At least in my experience, the recent `csup >> subversion`, and other changes, make ordinary installs and upgrades in older hardware less easy than used to be the case. (Disk space, especially, available memory, to a lesser extent.) [No problem recently doing upgrades on a pentium 3, but the browser of choice will not load for some reason... maybe not enough startup memory]. OTOH a pentium 4 should be  no problem in most configurations, and they are used everywhere very inexpensively. It would all vary per instance though, so no real reason to dissuade in the least.


----------



## ageekinsw (Sep 22, 2013)

OK, after the first post tried 9.1 again. Fresh download and burn of install CD (the unit has a DVD ROM, but will not (at this point) boot a DVD from any OS, however, the last CD installation of an OS was last week).  The unit is a Compaq M700 PIII 1 GHz with 512 MB RAM, and a 30 GB HD. The install CD boots to the point of detecting the internal USB hub, after talking to the HD (ATA0), and hangs. On some tries, it goes to try and talk to "ATA1", which there should not be any (it*'*s a laptop). As I stated in the OP, boot failure, tried as many options as I could find.

Ageekinsw


----------



## wblock@ (Sep 22, 2013)

http://laptop.bsdgroup.de/freebsd/index.html?action=show_laptop_detail&laptop=44 shows that system.  But the most recent entries are from 2005, and there was mixed success then.

It may help to make sure it has the latest BIOS.


----------



## ageekinsw (Sep 22, 2013)

Hi,

I am now enduring specific intermittant hardware failure - DVD /CDROM drive.  Is there any[]way to install straight from FTP (I am currently booted to Knoppix 4.02)? Any reply would be helpful


----------



## kpa (Sep 22, 2013)

You can do the install on another machine and then transfer the hard disk to the target machine.


----------



## ageekinsw (Sep 22, 2013)

Thought of that. Current HD is PATA, all other machines are SATA. no dice. I believe that I should be able to install from a partition, if I format correctly, using Knoppix to download the needed files. To date, I have only attempted an ISO install.

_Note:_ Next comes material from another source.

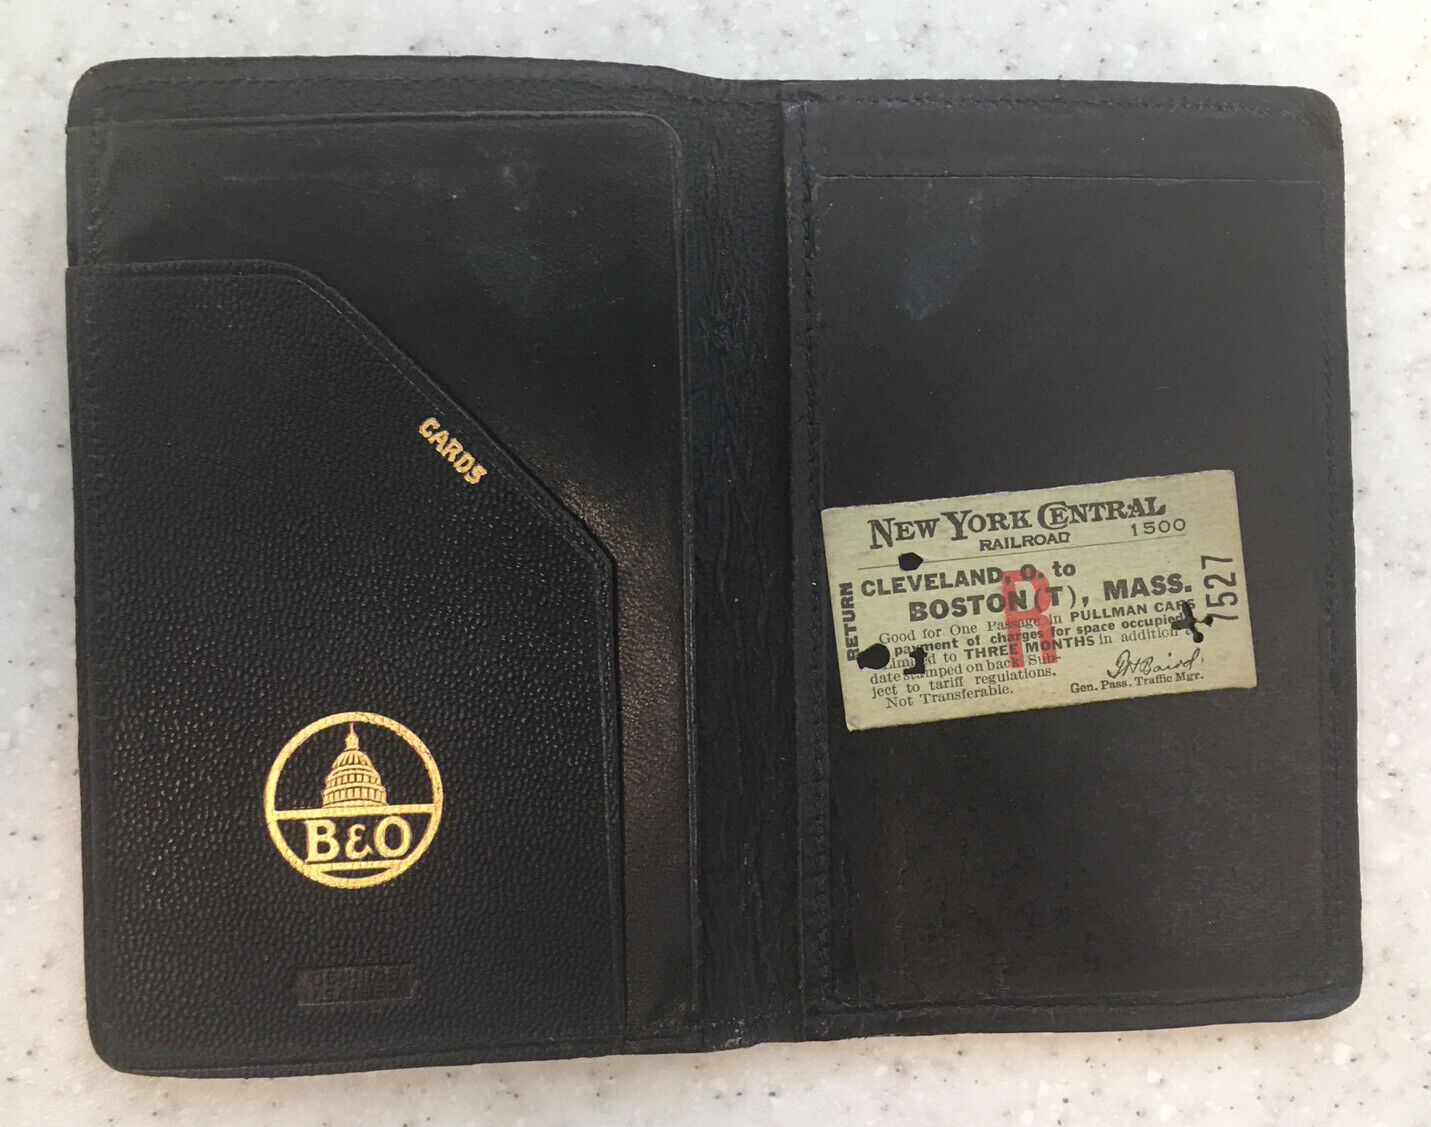 B&O Railroad - Antique Railroad Leather Wallet & Ticket -
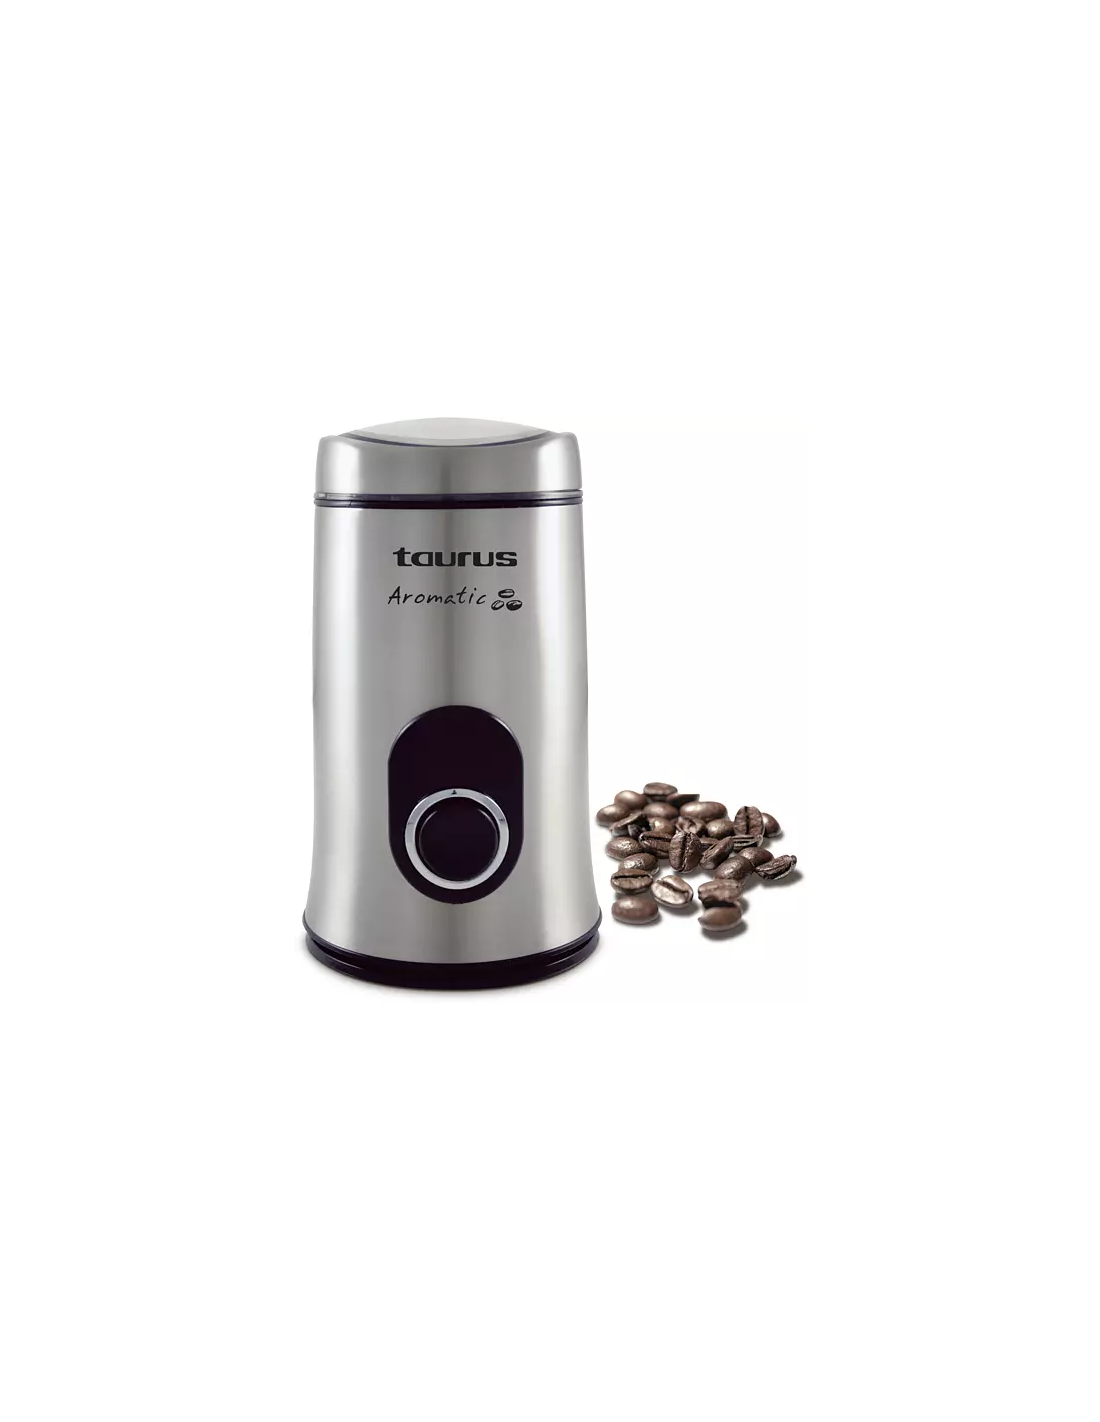 Comprar Molinillo de café Taurus Aromatic en acero inoxidable · Hipercor

I will look at documentation on how to install from a file system.

Thanks.


----------



## jb_fvwm2 (Sep 22, 2013)

If the laptop can boot from USB, you may have luck with the ghostbsd.org smaller installs that can fit on a thumbdrive without too  much trouble. (Though on one machine the laptop's add-in cards (PCMCIA?) had to be removed to fully boot.)


----------